A bíblia é o eixo que ordena a sociedade e seus novos costumes. A relação extraconjugal é justificada através do patriarca Abraão, que também teve relações com a sua escrava. A mulher tem um papel totalmente secundário. Algumas são casadas e administram as suas casas, e as demais são serviçais não remuneradas, com os úteros apropriados pelo Estado, que define como, quando e aonde elas irão copular, com o objetivo de apenas gerar filhos para a sociedade patriarcal.

Para mim, a série, é baseada em um livro premonitório escrito há 32 anos. Na época em que foi escrito,  o Talibã sequer havia chegado ao poder. A instrumentalização das crenças e do mito da existência de um ser supremo, metafísico, onisciente é levada às últimas consequências na obra ficcional, como já acontece em alguns países mulçumanos.   
   
A lei que vale não é exatamente o que está escrito, mas a interpretação que se dá ao texto reconhecido como religioso. Assim, é fácil demonizar o inimigo, e glorificar os seus aliados. A guerra civil nos Estados Unidos, que promove o surgimento da república de Gileade, fundou-se de forma progressiva.

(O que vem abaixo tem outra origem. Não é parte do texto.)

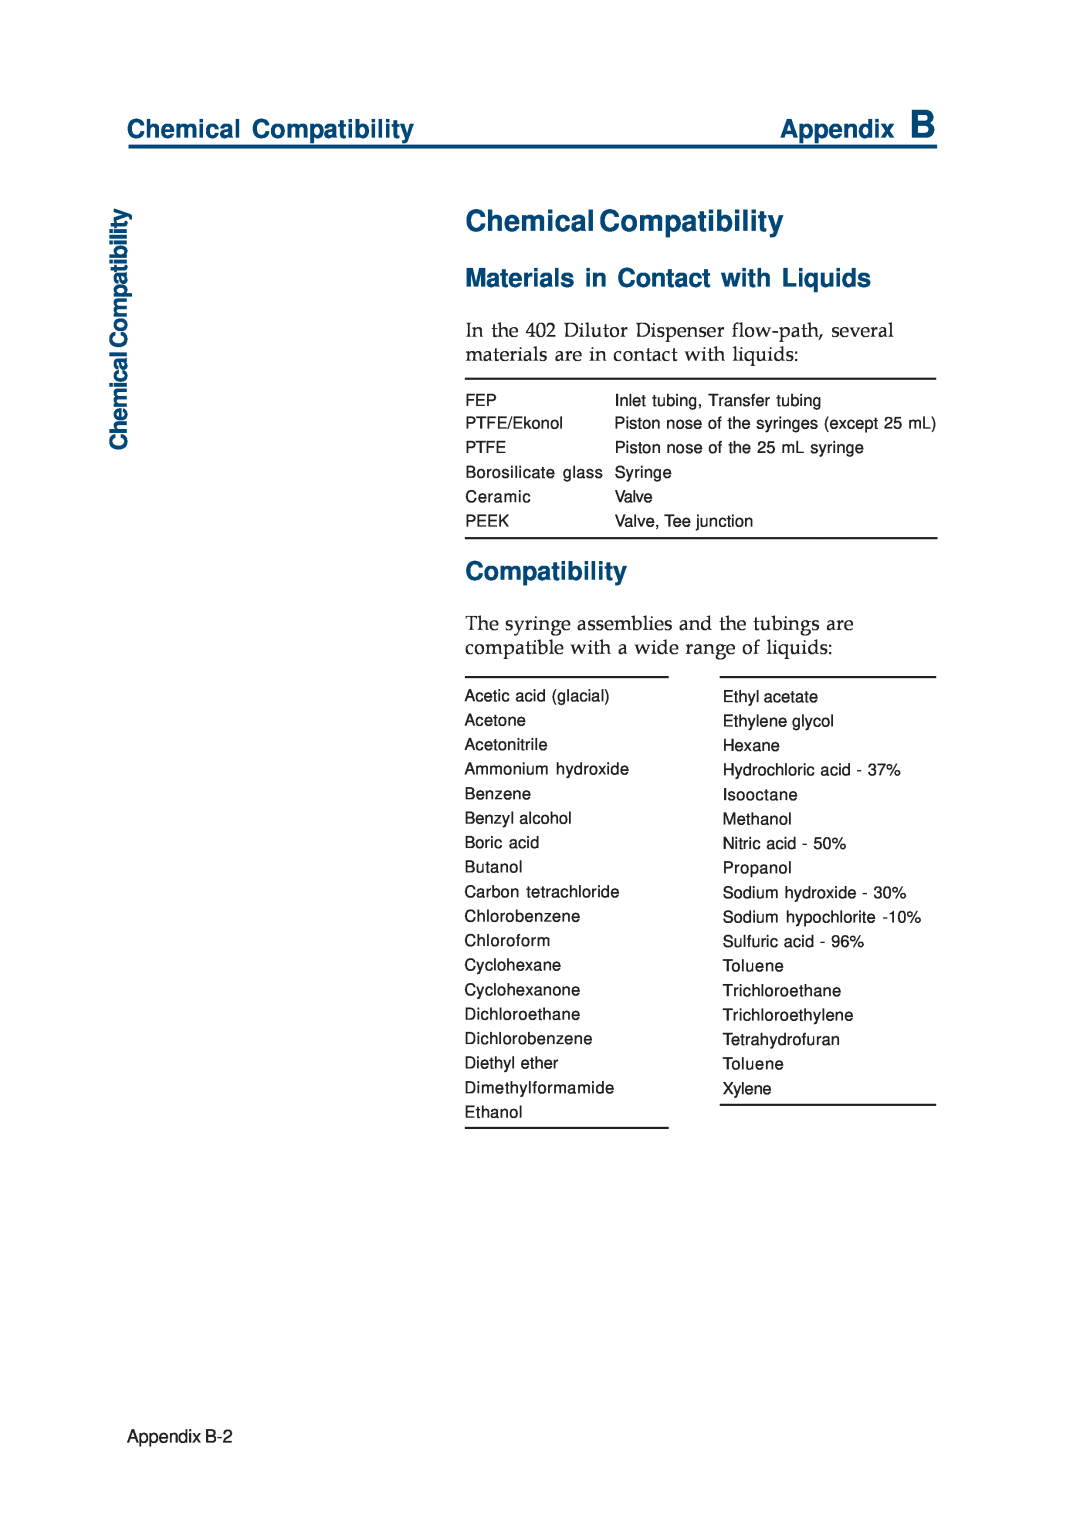 Gilson 402 manual Chemical Compatibility, Appendix B, Materials in Contact with Liquids

Primeiro, as mulheres foram proibidas de ter propriedades e de trabalhar, em seguida, iniciaram-se as perseguições aos dissidentes, assim como ocorreu aos judeus na Alemanha. Em terceiro, com a vitória política e militar, instaura-se uma ditadura religiosa.


Infelizmente, no Brasil, já se pode ver passos sendo dados na direção do fundamentalismo religioso, a quem tem um olhar mais atento. O primeiro passo dado é a criação de novos conceitos que desqualifiquem o inimigo. Como “escola sem partido”, que é a forma de bloquear qualquer possibilidade de informações sobre sistemas políticos de esquerda, e a “ideologia de gênero”, que tenta reduzir a meros comportamentos a diversidade cultural. Claro que todo isso condenando movimentos políticos de esquerda e de emancipações das minorias. Ainda está distante o Brasil se transformar em uma Gileade, mas quando há gente que quer o retorno de uma ditadura militar no Brasil, e um proselitista de torturas pode chegar ao poder, talvez a distância não seja tão grande assim.